# Most underrated and overrated brands



## jgros001 (Jun 14, 2005)

What do you think are the most underrated and overrated of the following brands:

Montecristo
Punch 
Hoyo de Monterrey
Partagas
H Upmann
Cohiba
Bolivar 
Romeo y Julieta

For me, I think Punch is often overlooked. It seems to be one of those love or 'I do not care' brands. But for whatever reason, there is not much chatter about Punch. I think there are some really good/great cigars in the line: Punch RSs, Punch, DC, Corona. Maybe others really like this brand too but just keep it to themselves?

Overrated, to me, is Partagas. I guess most of the newer stuff does not do it for me. It seems that my favorites from the line have been discontinued. For some reason have not really gotten into the Shorts but should probably invest in a cab or two. I do like the Presidentes and the Serie du line.

What do you say?


----------



## rumballs (Mar 15, 2005)

I don't think you included any underrated brands
:r
(I would have said Sancho Panza or Diplomaticos)

Overrated, for me, is H Upmann.

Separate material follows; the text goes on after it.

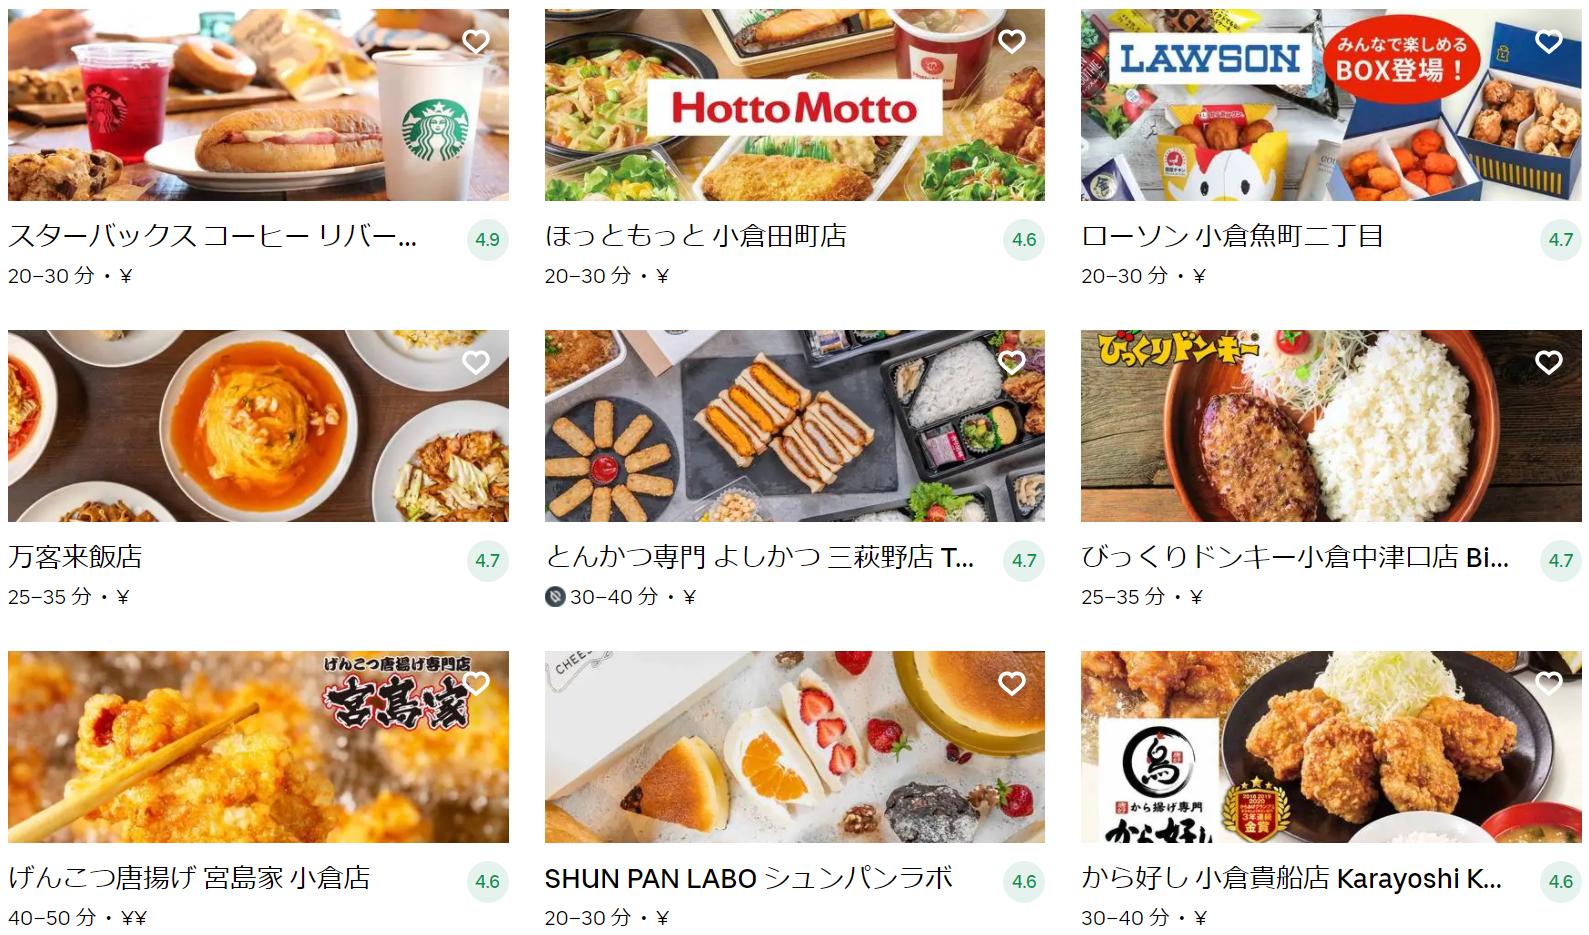 北九州市エリアのおすすめUber Eats(ウーバーイーツ)メニュー

I know I haven't sampled a huge range of them, but I've had a fair number of vitolas, and a handful with a bit more age, and the only one I've really loved was a Sir Winston. The rest have ranged from Good but nothing to get too excited about, to boring, to downright unpleasant.


----------



## ToddziLLa (Oct 17, 2005)

Just like taste, this is a purely situational and personal preference thing.

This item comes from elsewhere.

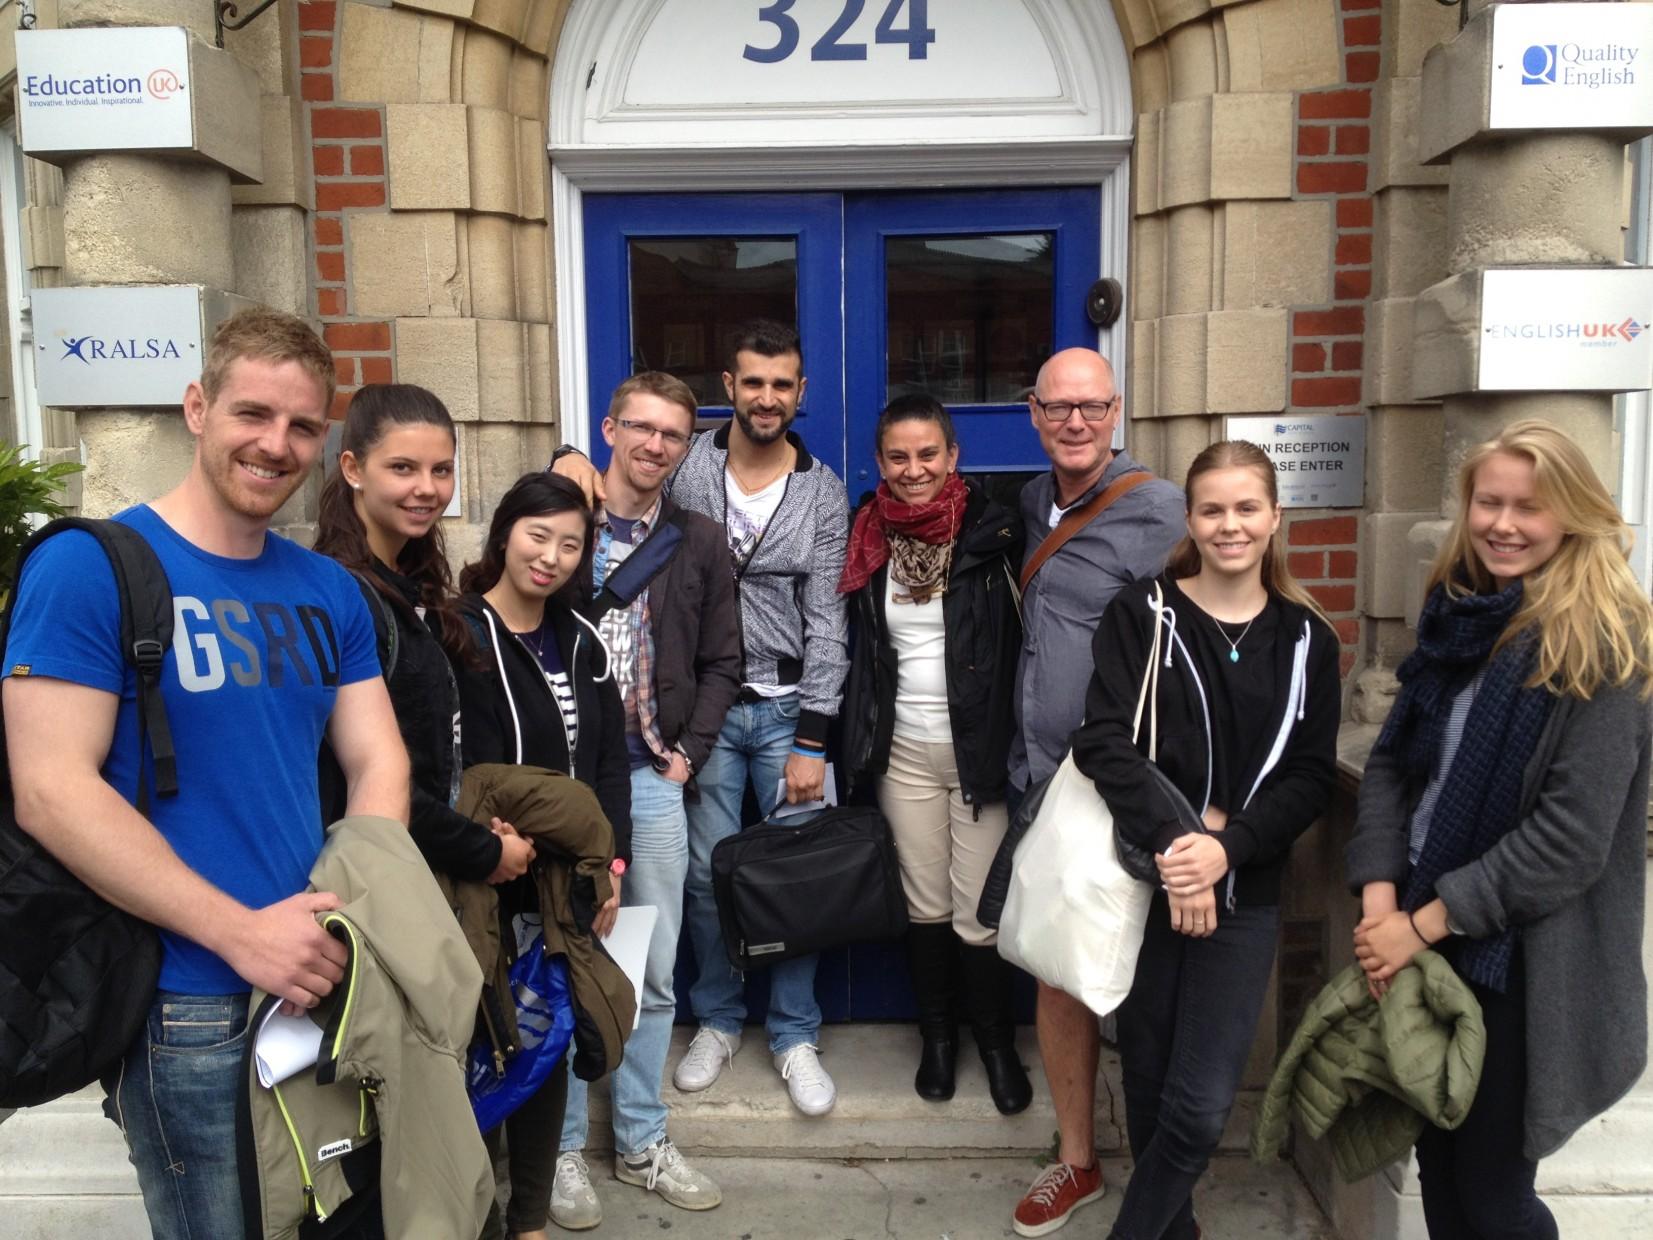 Escuela de Bournemouth estudia inglés con alumnos internacionales

Having said that, *for me,* Romeo y Julieta is overrated. Just haven't had the right one to wow me yet.

Underrated is a tough one because any brand someone lists someone else will come out and say "Hey, I love that brand!" Again, having said that, Ramon Allones I think is underrated (which is my favorite brand btw), and Montes sometimes aren't appreciated fully either. Fresh ones are good, aged ones are great, vintage ones are sublime.


----------



## Gargamel (Nov 8, 2004)

mmblz said:


> I don't think you included any underrated brands
> :r
> (I would have said Sancho Panza or Diplomaticos)
> 
> Overrated, for me, is H Upmann. I know I haven't sampled a huge range of them, but I've had a fair number of vitolas, and a handful with a bit more age, and the only one I've really loved was a Sir Winston. The rest have ranged from Good but nothing to get too excited about, to boring, to downright unpleasant.


:tpd:


----------



## jgros001 (Jun 14, 2005)

mmblz said:


> I don't think you included any underrated brands
> :r
> (I would have said Sancho Panza or Diplomaticos)
> 
> Overrated, for me, is H Upmann. I know I haven't sampled a huge range of them, but I've had a fair number of vitolas, and a handful with a bit more age, and the only one I've really loved was a Sir Winston. The rest have ranged from Good but nothing to get too excited about, to boring, to downright unpleasant.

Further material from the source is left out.